As a brief introduction, see the video on how to use Computational Notebooks in LabPlot.
Prerequisites
To make use of the notebook interface for a specific language, it needs to be installed first. For systems like Maxima, Octave, Sage and Scilab, the communication is happening with the executable of this system and it's enough to provide its location in the application settings if it's was not determined automatically:
For R, Python and Julia the interpreter is embedded into LabPlot's process and only those versions of these languages can be used that were used on the build system during the build time of LabPlot.
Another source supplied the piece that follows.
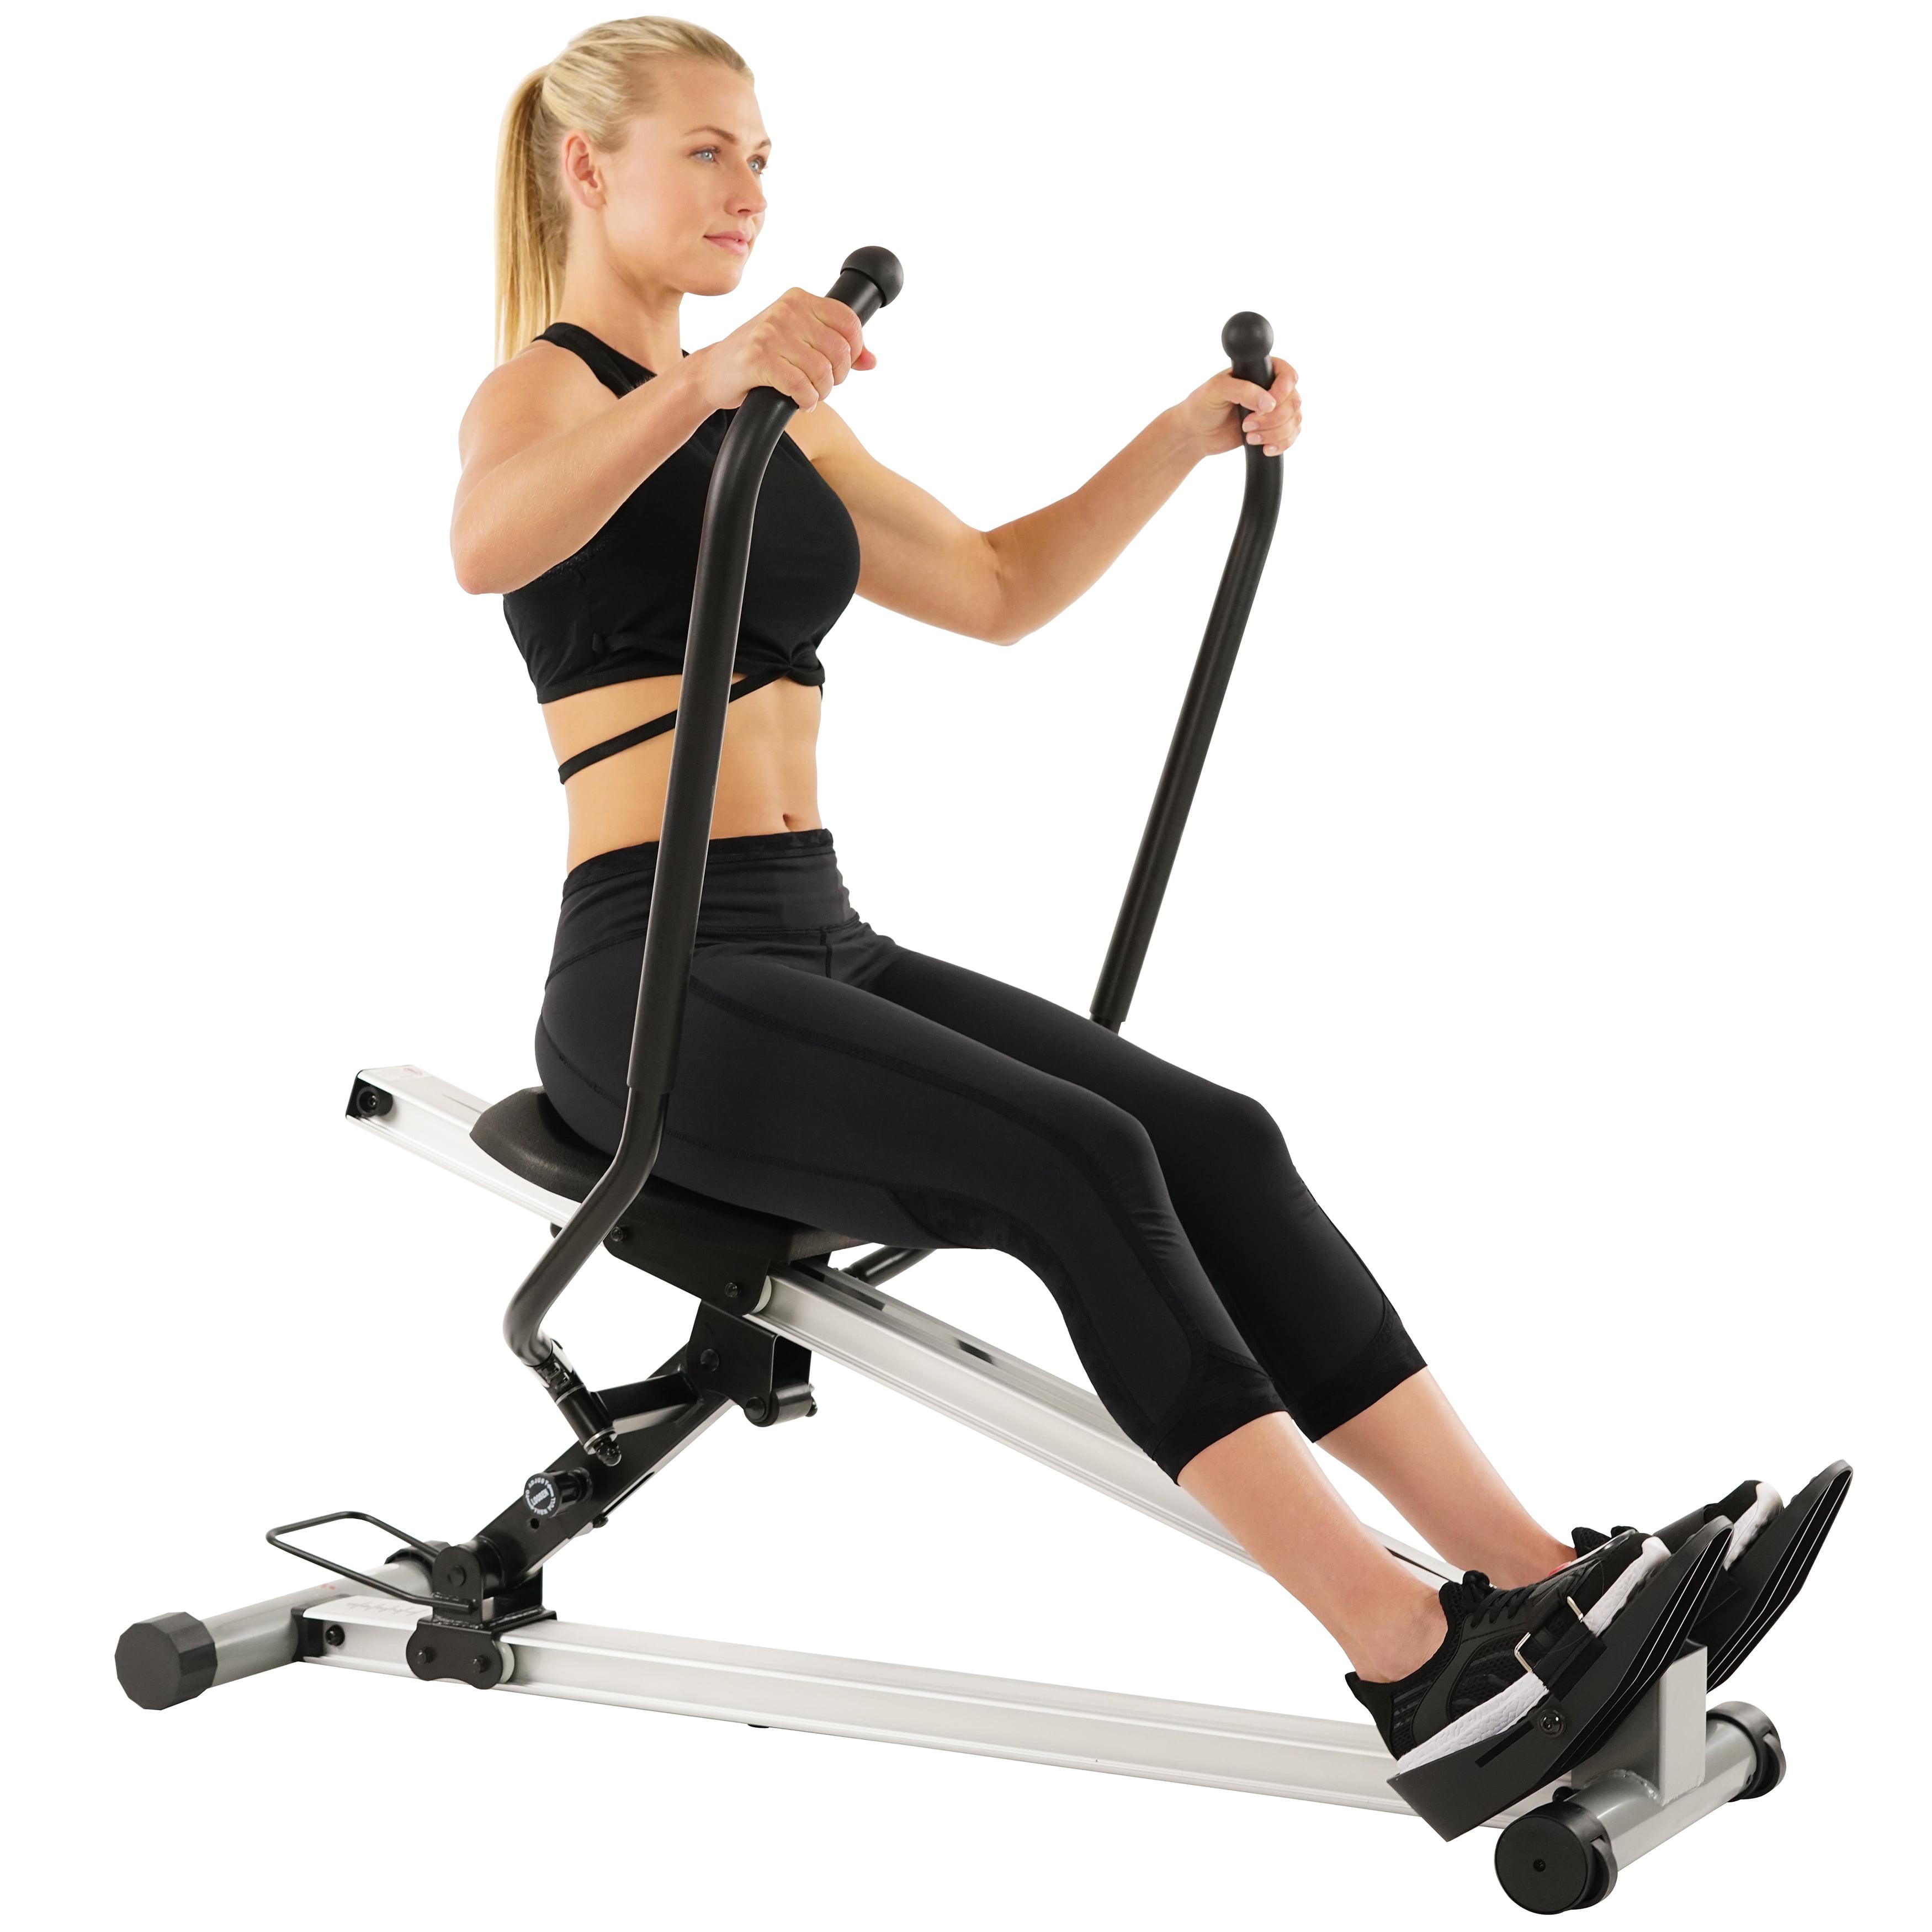 Sunny Health & Fitness SF-RW5720 Full Motion Rower, 350lb Weight Capacity
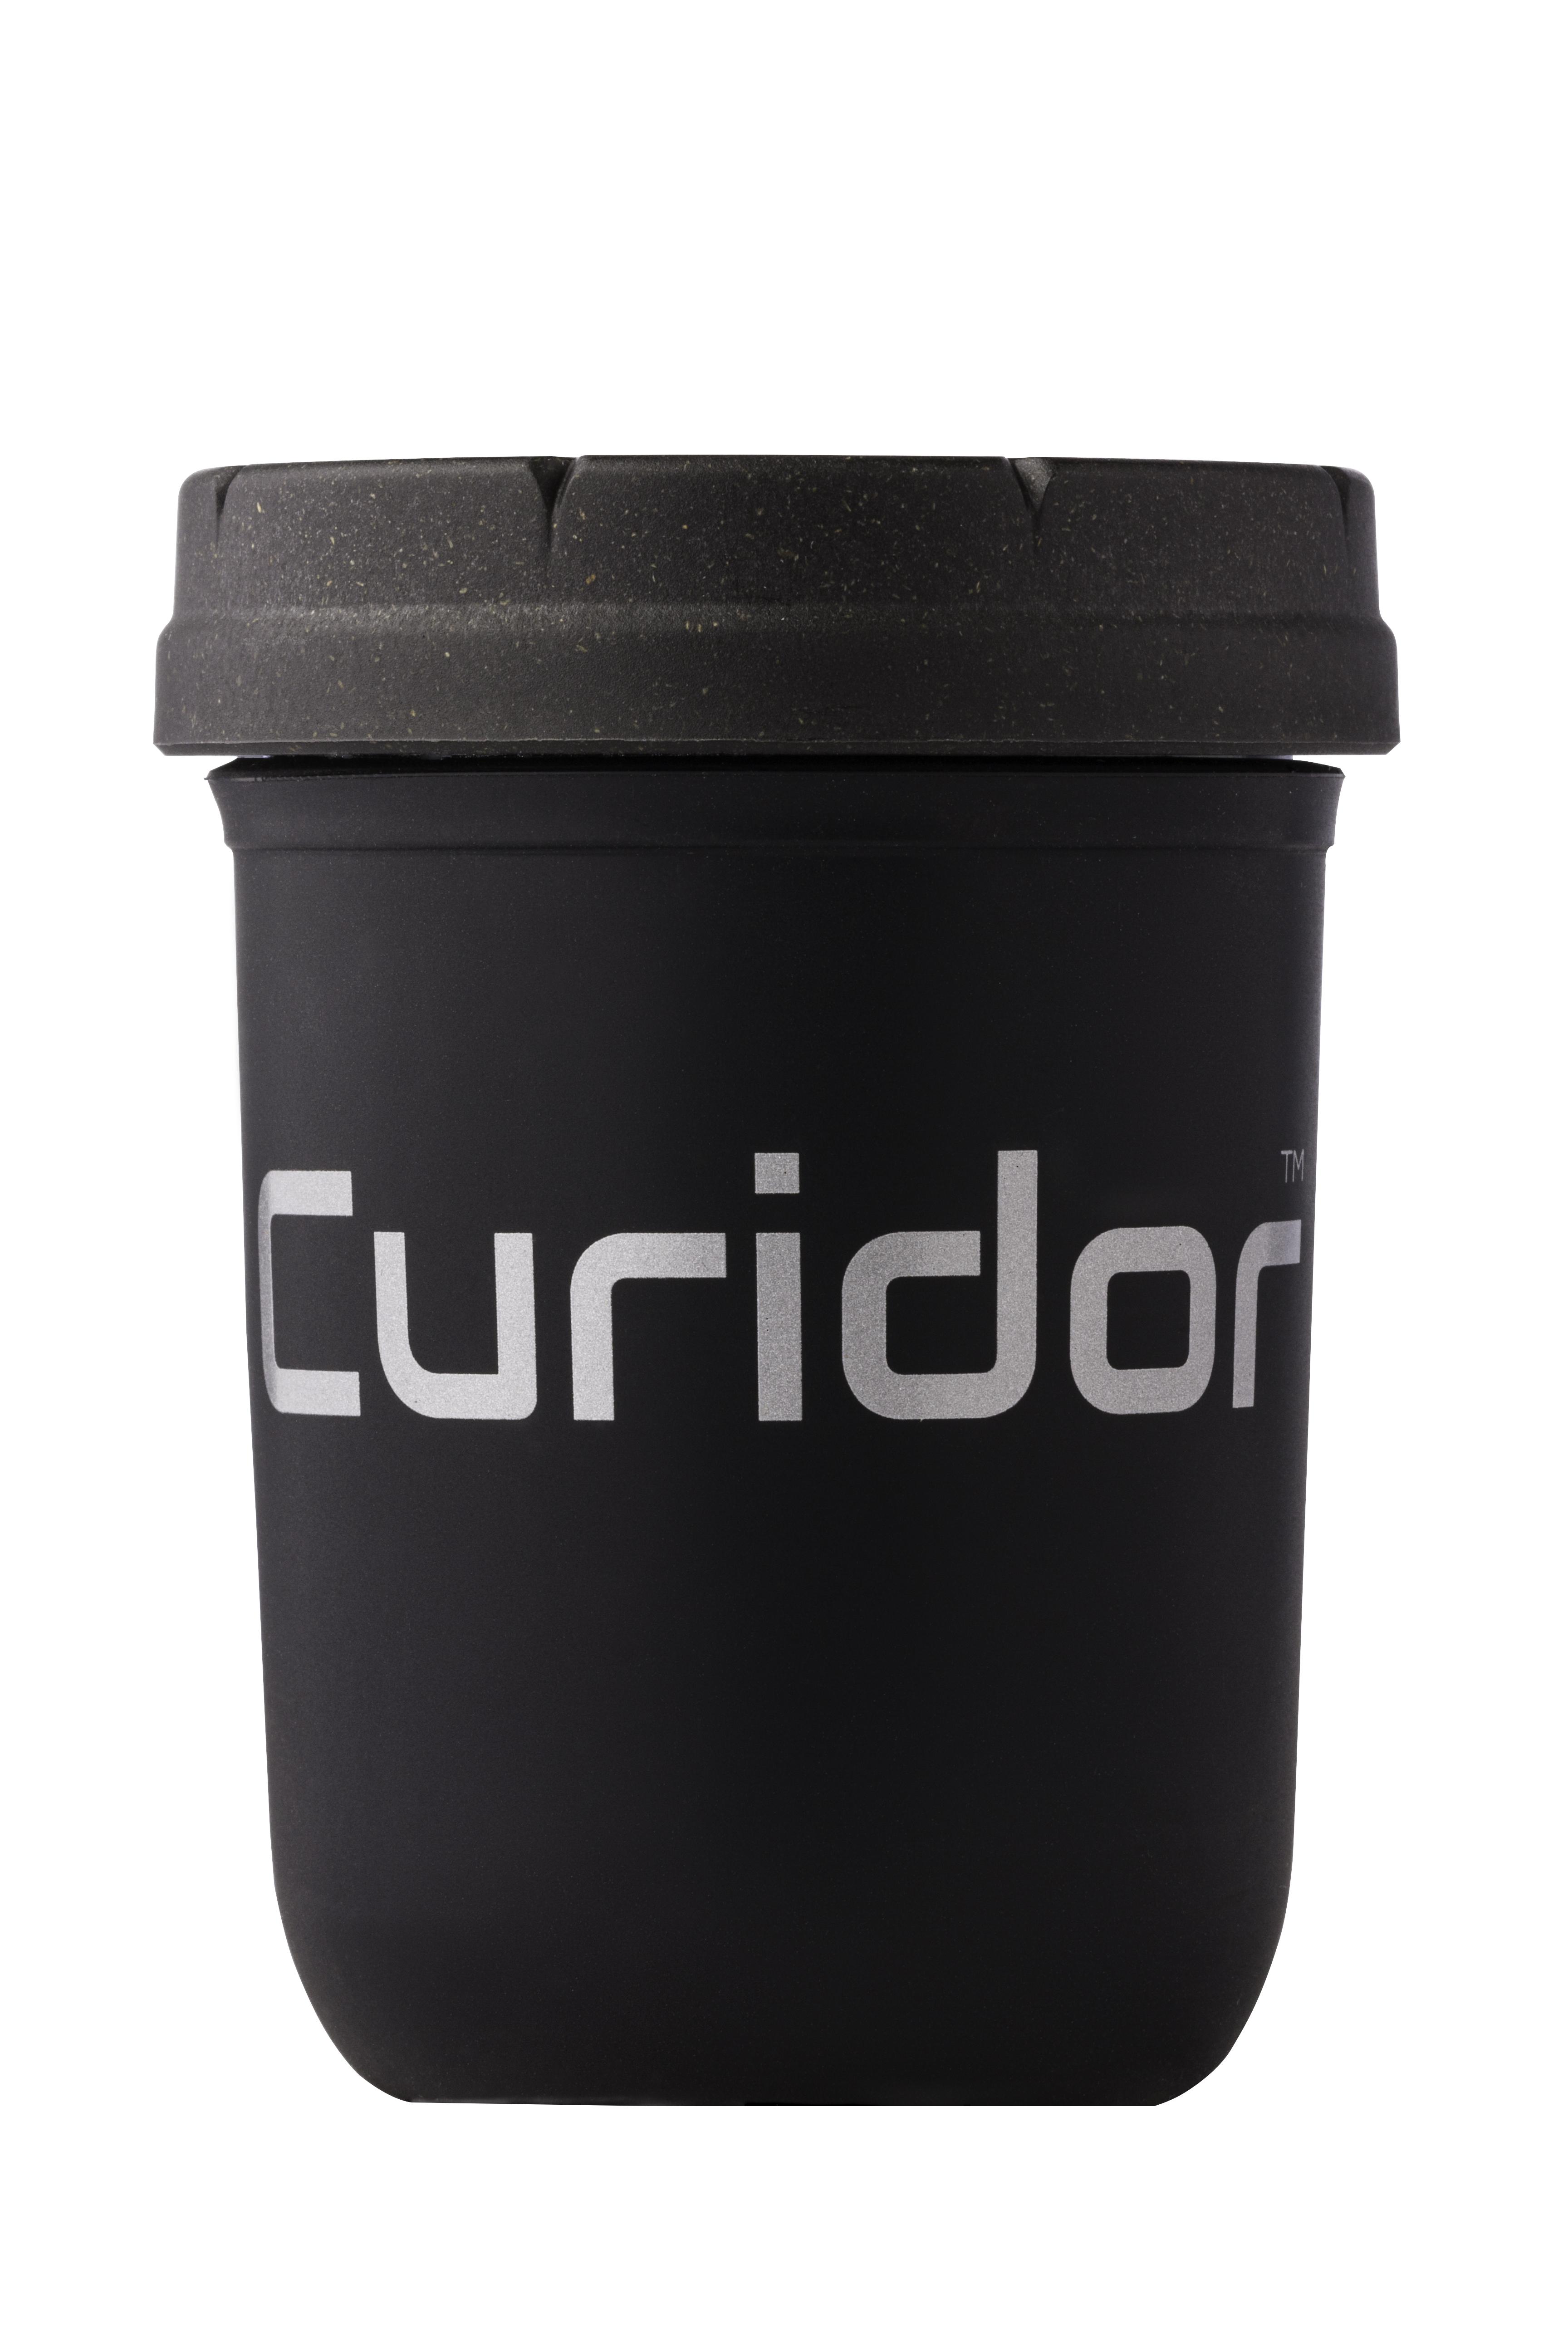 Curidor™

For which versions to use we refer to the FAQ
On Windows and on macOS (starting with LabPlot 2.12) all languages mentioned above are supported except of R, Lua, Julia and Qalculate!. On Linux, the support for the different languages is determined by the build and package step of the distribution in use.
Basic Concepts
To begin, create a new notebook from the "Add New" menu:
On default a "command entry" is created which accepts the actual code of the used language. To execute the code, hit the button "Evaluate Entry" or use the shortcut "Shift+Enter". To create cells of a different type, select the corresponding item from the context menu:
LaTeX Typesetting
Properties Panels
General
Table of Contents
Help
Variables
Documentation
Visualization in LabPlot
While it is possible to visualize the data directly in the notebooks for most of the supported systems, sometimes it is desired to visualize the results of computations that were performed in a notebook directly in LabPlot's Worksheet. This is useful for example when the results need to be visualized together with other data imported into LabPlot or when the more advanced and interactive styling and navigation capabilities are required.
To enable this, LabPlot recognizes the creation of variables holding array-like data and allows to select them as a data source for plots and analysis functions similarly to the columns in a Spreadsheet. The currently supported data containers are:
- Maxima lists
- Octave column and row vectors
- Python lists, tuples, sets, NumPy arrays, columns from Pandas dataframes
- Julia vectors and tuples
The examples below show how powerful calculations carried out inside of different environments can be combined with the user-friendly visualization and editing capabilities of LabPlot. In the first example, a Maxima session exploring the chaotic dynamics of the Duffing oscillator is shown. The forced oscillator's differential equation is solved using Maxima, and the results are visualized using LabPlot. Plots include the oscillator's trajectory, phase space, and Poincaré map, showcasing the system's complex behavior.
In a second example, Python session analyzing the effect of Blackman windowing on the Fourier transform is shown. It demonstrates how windowing can enhance the clarity of frequency components in signal processing, with plots showing the Fourier transform before and after applying the Blackman window.